Dewan Banteng Didirikan oleh Kolonel Ismail Lengah pada 1956

Smallest Font
Largest Font

FajarBali.co.id Dewan Banteng didirikan pada 20 Desember 1956 oleh Kolonel Ismail Lengah di wilayah Sumatra Tengah, yang meliputi Sumatera Barat, Riau, Kepulauan Riau, dan Jambi. Letnan Kolonel Ahmad Husein ditetapkan sebagai ketua dewan ini, yang merupakan bagian penting dari Divisi IX Banteng.

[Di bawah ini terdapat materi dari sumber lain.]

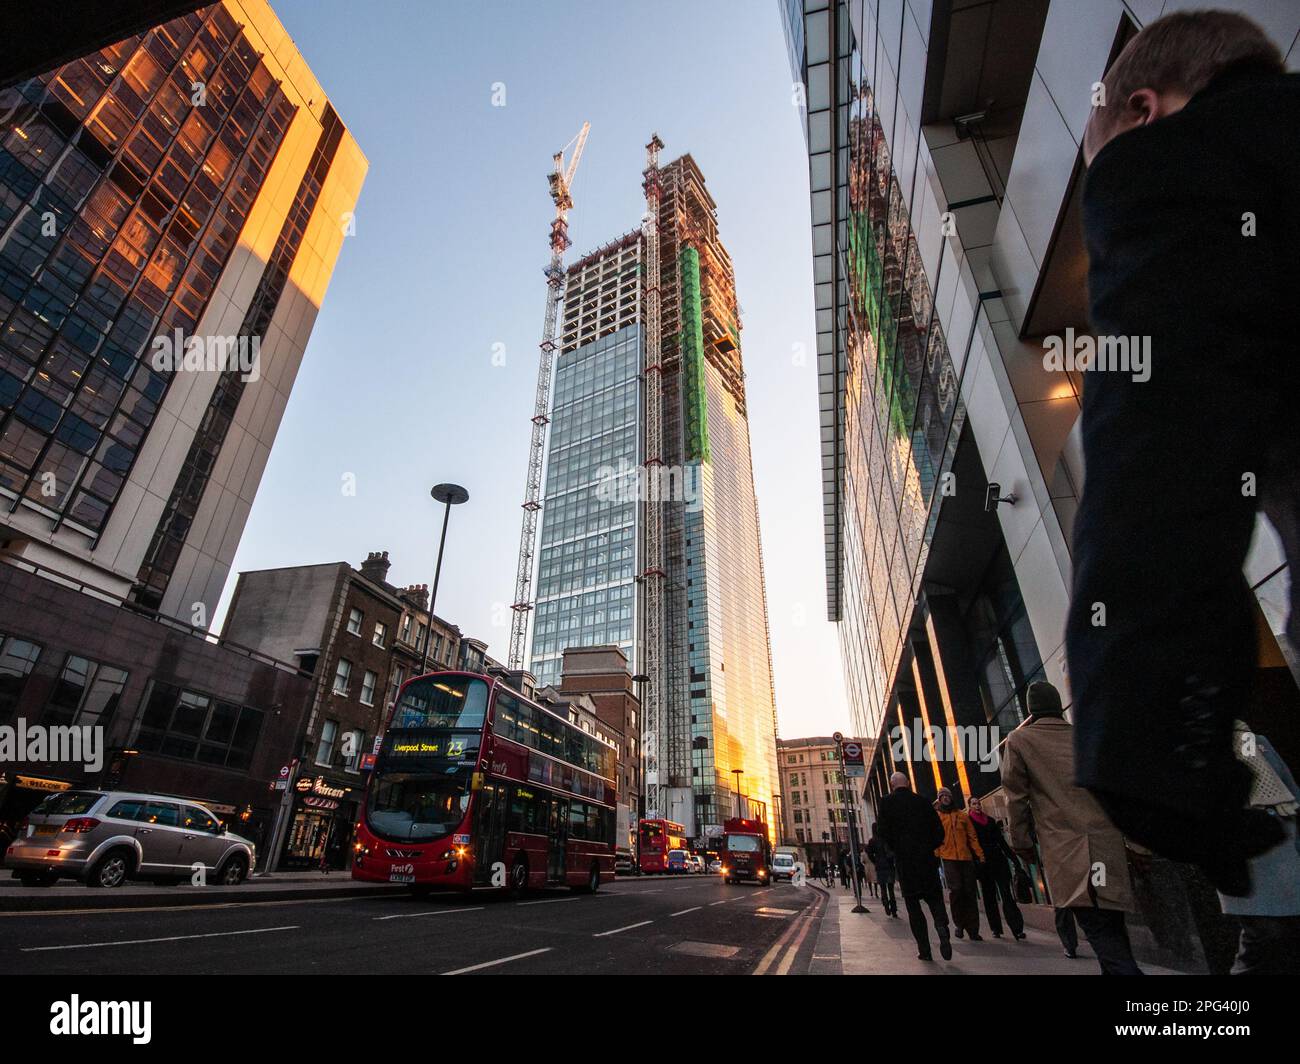 Fußgänger und Verkehr passieren den unterbauten Heron Tower Büro Wolkenkratzer im City of London Finanzviertel. Stockfoto

Dewan Banteng lahir sebagai respons atas ketidakpuasan beberapa unsur militer di Sumatra Tengah terhadap kebijakan pemerintah pusat pada era 1950-an. Kolonel Ismail Lengah berperan sebagai penggagas utama pembentukan dewan ini, memimpin inisiatif untuk menyatukan panglima-panglima militer di wilayah tersebut.

Letnan Kolonel Ahmad Husein diangkat sebagai ketua karena pengalamannya dalam kepemimpinan militer dan pengaruhnya di Sumatra Barat. Dewan ini menjadi wadah koordinasi Divisi IX Banteng yang mengurusi wilayah strategis Sumatra Tengah.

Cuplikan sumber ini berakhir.